Run long video jobs async and download from status.

genmedia run <endpoint_id> \
  --prompt "<ugc visual direction or shot prompt>" \
  --async \
  --json

genmedia status <endpoint_id> <request_id> \
  --download "./outputs/ugc/{request_id}_{index}.{ext}" \
  --json

Use schema fields exactly. Mirror the model's field names such as image_url, audio_url, video_url, text, prompt, visual_direction, aspect_ratio, duration, or seed.

Script build order

Build scripts as short spoken beats, not polished ad copy:

Hook: one concrete tension, problem, result, or curiosity gap.
Context: why this speaker cares or what situation they are in.
Product moment: product appears, is used, or is shown solving a problem.
Proof: sensory detail, visible demo, supplied metric, or user-provided fact.
Turn: before-after, objection answered, or unexpected benefit.
Close: soft CTA, next action, or clean final product frame.

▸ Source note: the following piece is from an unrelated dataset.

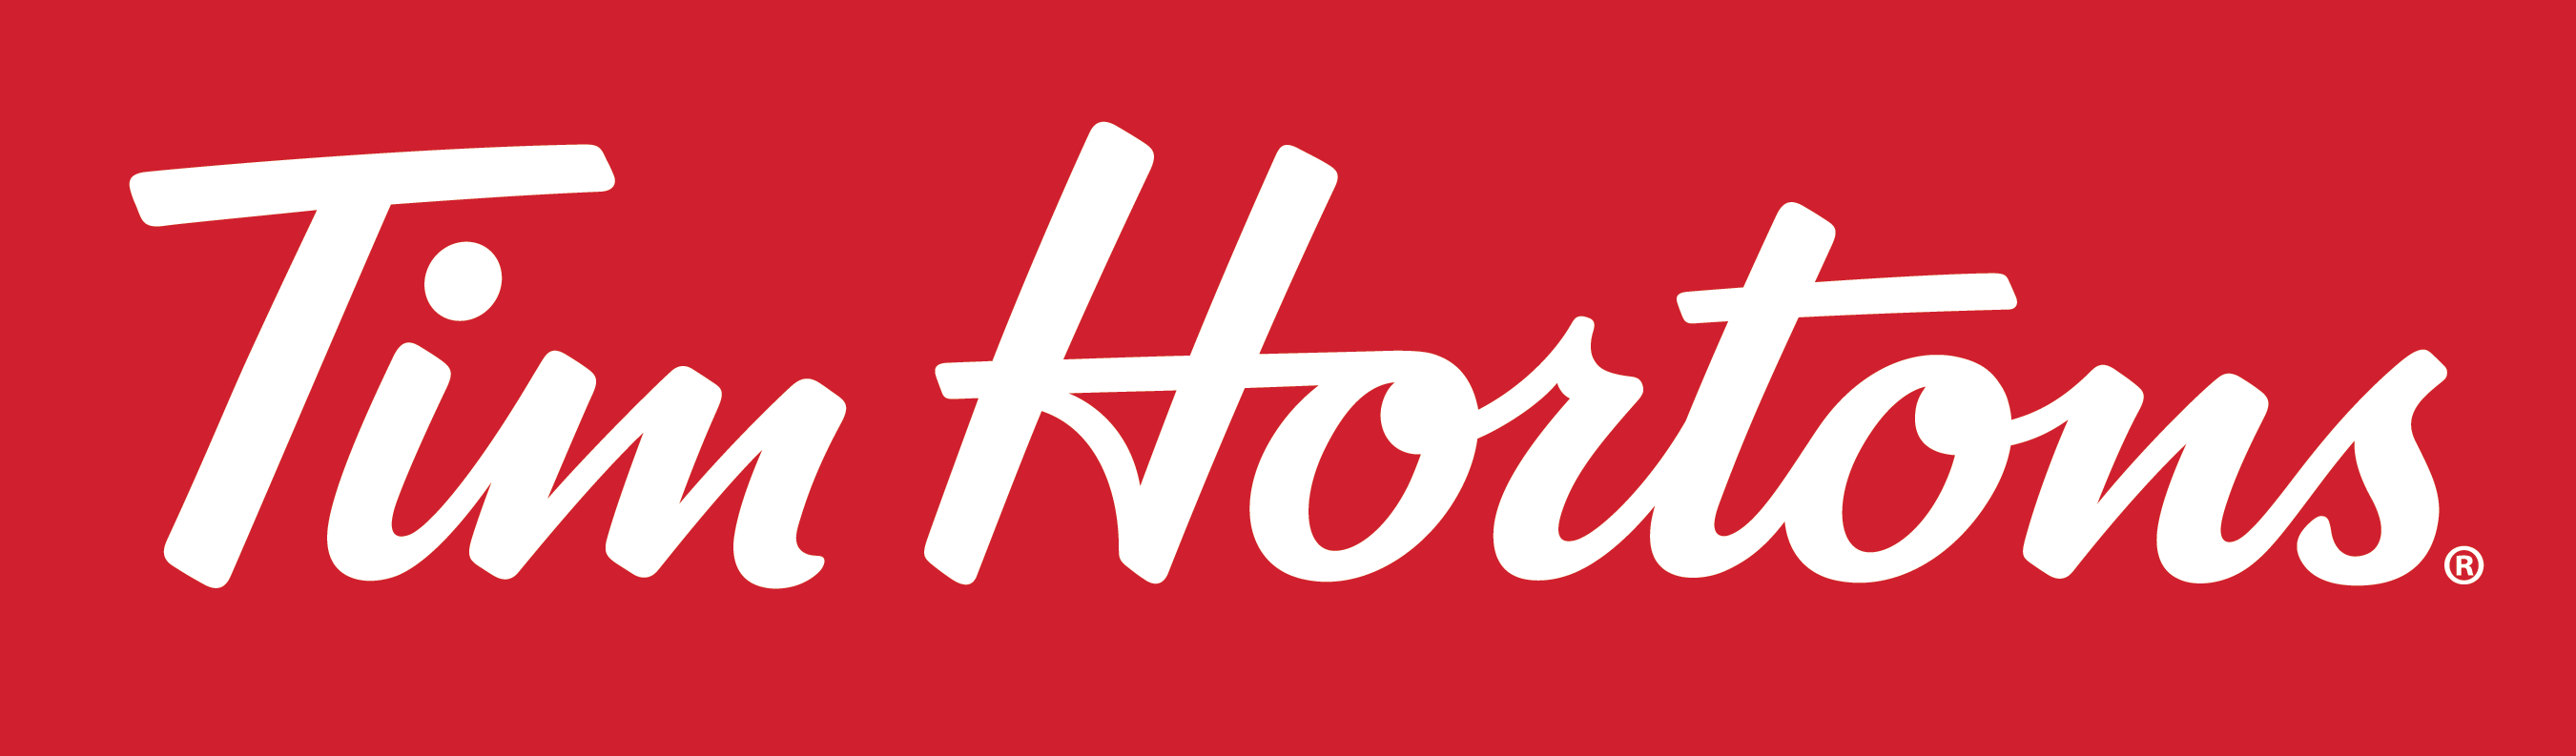 Brand: Tim Hortons

Keep claims grounded. Replace unsupported claims with observable statements: "the texture looks lighter" beats "this cures acne".

Prompt build order

For each UGC clip or shot, write:

Speaker and frame: creator type, age range if supplied, setting, crop.
Performance: eye contact, casual delivery, gestures, expression, pace.
Product action: held up, opened, applied, compared, demonstrated, shown.
Camera: handheld phone, desk tripod, mirror shot, close-up, b-roll insert.
Lighting and audio feel: natural window, bathroom light, car interior.
Platform constraints: 9:16, safe top/bottom zones, no generated captions.
Guardrails: no fake claims, no new logos, no changed product packaging.

Model routing

Talking head from portrait and audio: veed/fabric-1.0.
Talking head from portrait and text: veed/fabric-1.0/text.
Avatar with visual direction: fal-ai/creatify/aurora.
Lip-sync existing footage: fal-ai/sync-lipsync/v2.
Product b-roll or demo motion: bytedance/seedance-2.0/image-to-video.
Fast draft b-roll: xai/grok-imagine-video/image-to-video.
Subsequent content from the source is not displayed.